Today, he was skin and bones. He was so weak he wobbled on occasion. When I brought him in, the vet gave me time to say goodbye, and then told me the procedure for the euthanasia.

“I’ll have to give him a shot in the belly. He’s lost so much weight we won’t be able to find a vein. I assure you, he’ll barely feel a thing. The medicine will be absorbed quickly, and will begin taking affect within a few minutes. Some cats go within two or three minutes. Some cats take a little longer, like ten to twelve minutes.”

I knelt down beside Winston, and pet him. He purred. The needle went in, and he turned his head to see what was happening, and then he turned back to me. The needle was still in him when his head dropped. I don’t even think the vet had fully depressed the plunger. He was gone in about fifteen seconds. The vet said she’d never seen a cat go so quickly. He was obviously ready.
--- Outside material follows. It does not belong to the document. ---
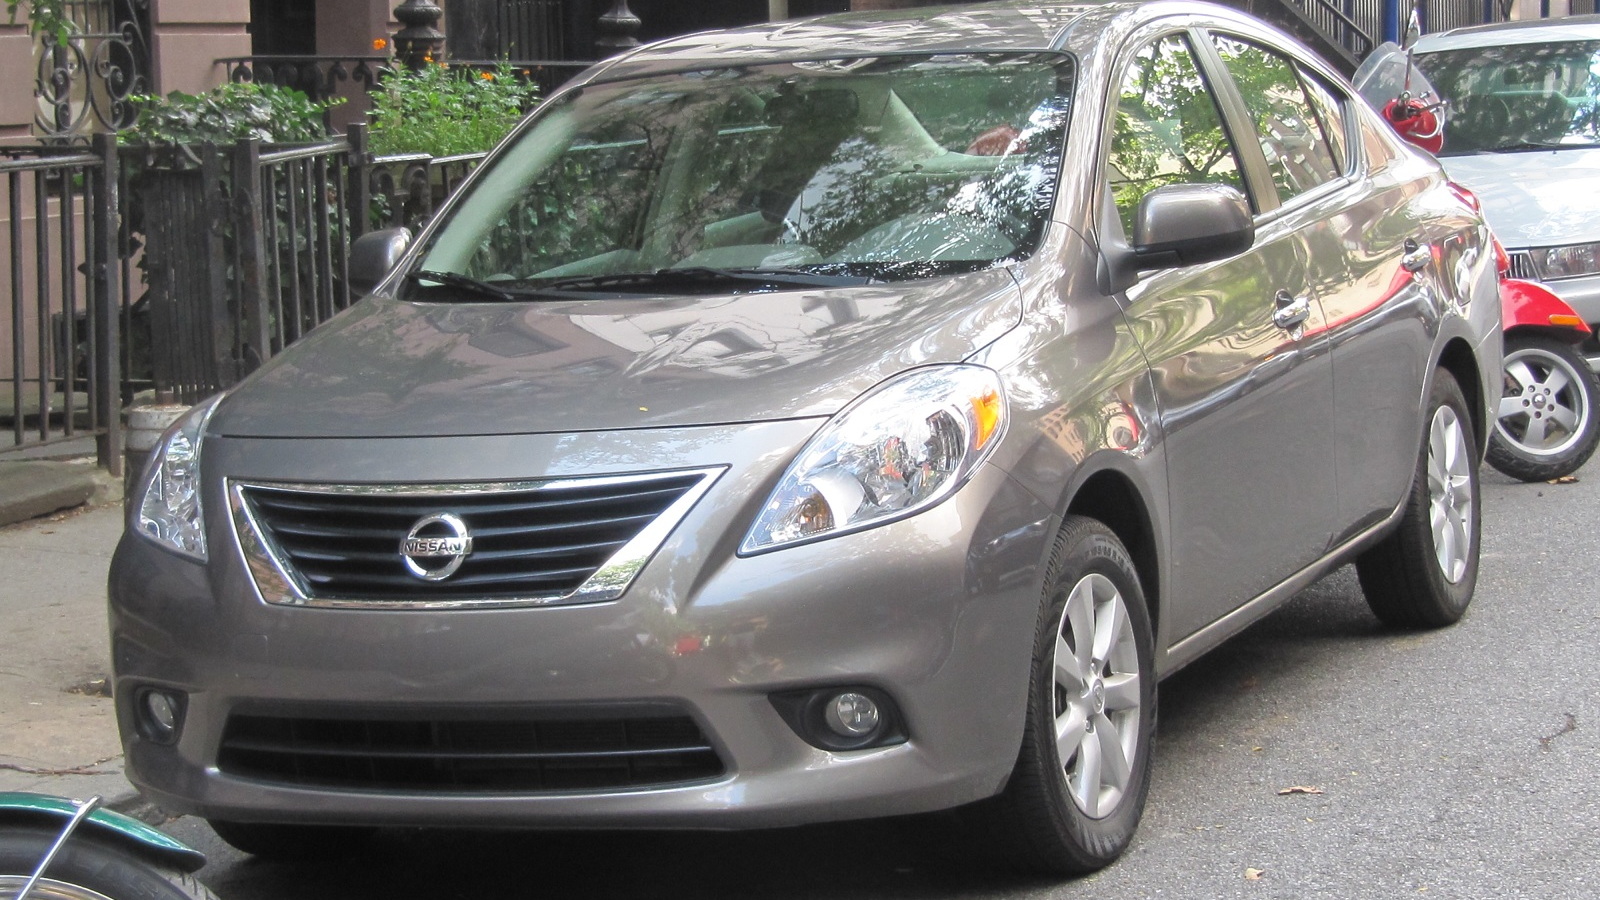 2012 Nissan Versa 1.6 SL, New York City, July 2012
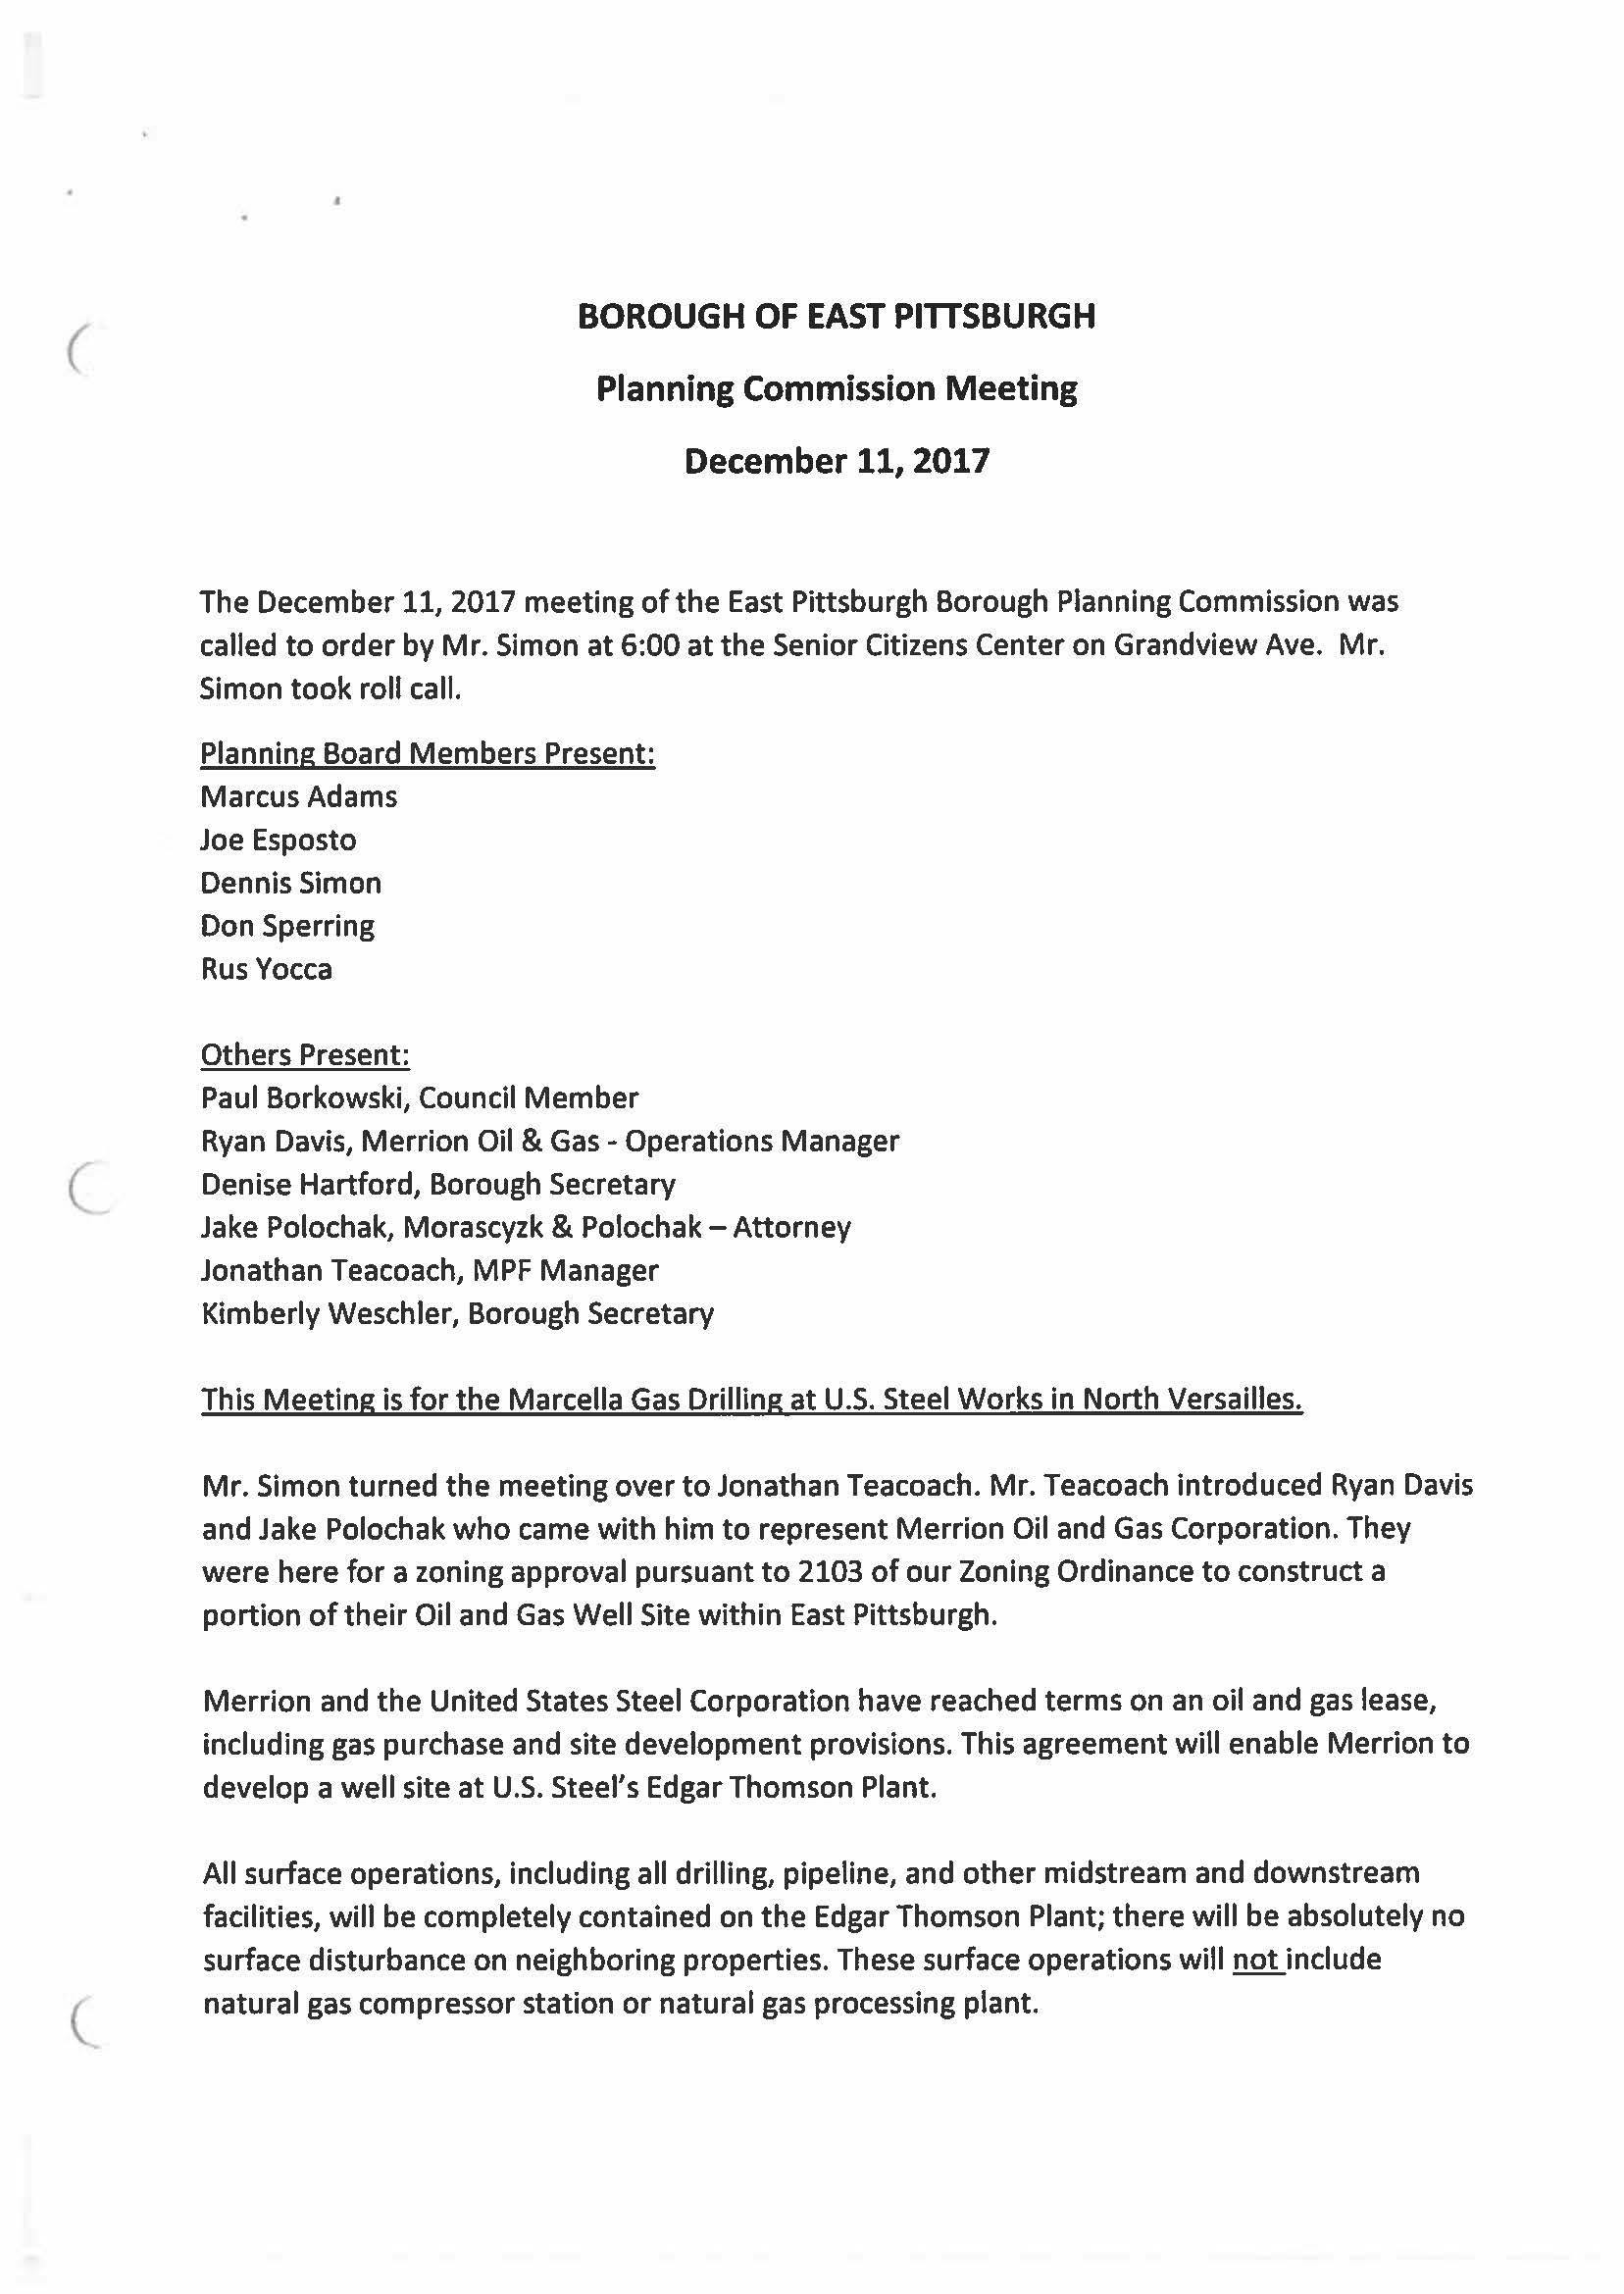 East Pittsburgh Borough Meeting Minutes: 12-11-17

Over the years I gave Winston a lot of shit. I made him the antagonist in some stories. I would tell people what a dick he was, and how he wasn’t lovey, or how he’d steal my food. The truth is: Winston was a good cat. He wasn’t a GREAT cat…but he wasn’t a bad cat either. He never scratched our furniture. He didn’t spray anywhere in the house. He only attacked Summit (no other dogs), and never used his claws to do so. No, he wasn’t lovey. He didn’t want to curl-up in your lap and be pet. He didn’t want hugs or kisses. He begged for food, and would steal food if you weren’t looking…but that’s the worst of it. He was our pain-in-the-ass cat. He is missed.